|Target||B-cell maturation antigen (BCMA) (CD269)|
|Other names||Belantamab mafodotin-blmf, GSK2857916|
|Drug class||Antibody-drug conjugate|
|Main uses||Multiple myeloma|
|Side effects||Keratopathy, vision problems, nausea, fever, infusion reactions, tiredness|
|Typical dose||2.5 mg/kg|
|Chemical and physical data|
Belantamab mafodotin, sold under the brand name Blenrep, is a medication used to treat multiple myeloma. It is used when other treatments are no longer effective. It is given by injection into a vein.
Common side effects include keratopathy, vision problems, nausea, fever, infusion reactions, and tiredness. Other side effects may include low platelets. Use in pregnancy may harm the baby. It is a monoclonal antibody joined to the cytotoxic agent monomethyl auristatin F (MMAF). The antibody binds to B-cell maturation antigen (BCMA) found on myeloma cells.
Belantamab mafodotin was approved for medical use in the United States and Europe in 2020. In the United States it costs about 8,800 USD per 100 mg vial as of 2022. In the United Kingdom this amount costs the NHS about £5700.
Belantamab mafodotin is indicated for the treatment of adults with relapsed or refractory multiple myeloma who have received at least four prior therapies including an anti-CD38 monoclonal antibody, a proteasome inhibitor, and an immunomodulatory agent.
It is give at a dose of 2.5 mg/kg once every 3 weeks.
The prescribing information includes a boxed warning stating belantamab mafodotin causes changes in the corneal epithelium resulting in alterations in vision, including severe vision loss and corneal ulcer, and symptoms, such as blurred vision and dry eyes.
Because of the risks of ocular toxicity, belantamab mafodotin is only available through a restricted program under a Risk Evaluation and Mitigation Strategy (REMS), called the BLENREP REMS.
Belantamab mafodotin was evaluated in DREAMM-2 (NCT 03525678), an open-label, multicenter trial. Participants received either belantamab mafodotin, 2.5 mg/kg or 3.4 mg/kg intravenously, once every three weeks until disease progression or unacceptable toxicity.
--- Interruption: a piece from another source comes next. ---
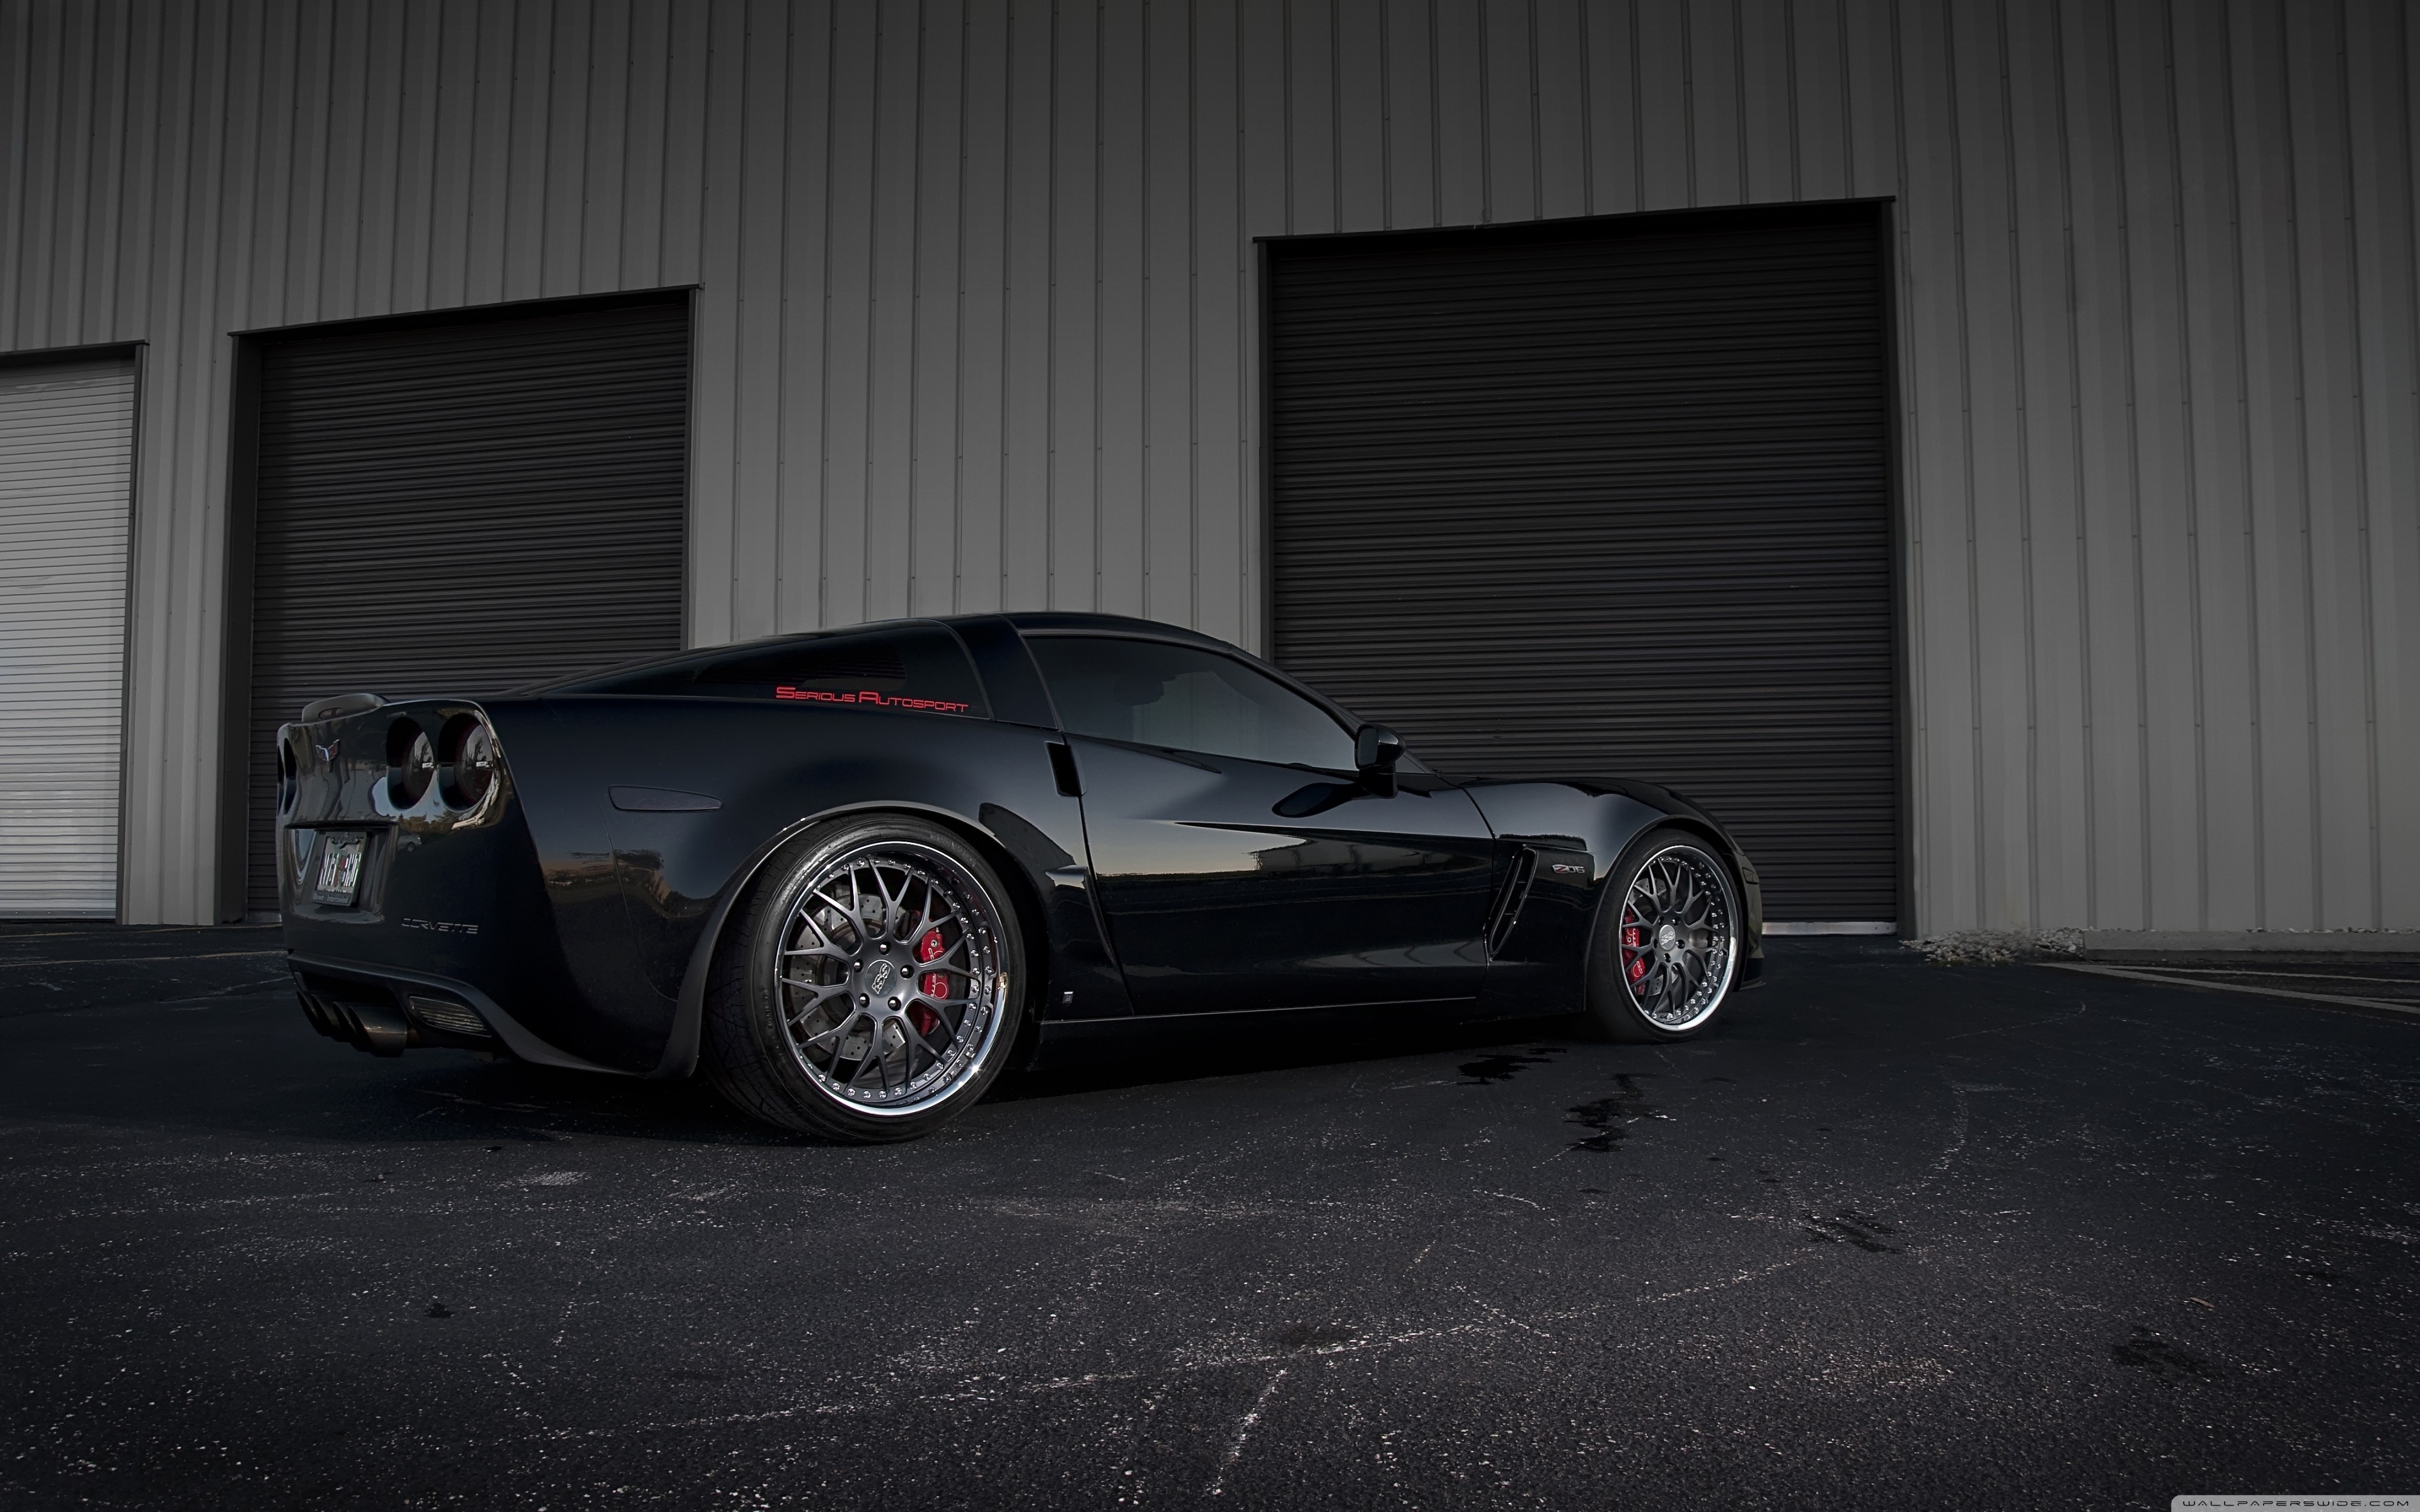 Black Corvette Wallpapers

Efficacy was based on overall response rate (ORR) and response duration, as evaluated by an independent review committee using the International Myeloma Working Group uniform response criteria. The ORR was 31% (97.5% CI: 21%, 43%). Seventy-three percent of responders had response durations ≥6 months. These results were observed in participants receiving the recommended dose of 2.5 mg/kg.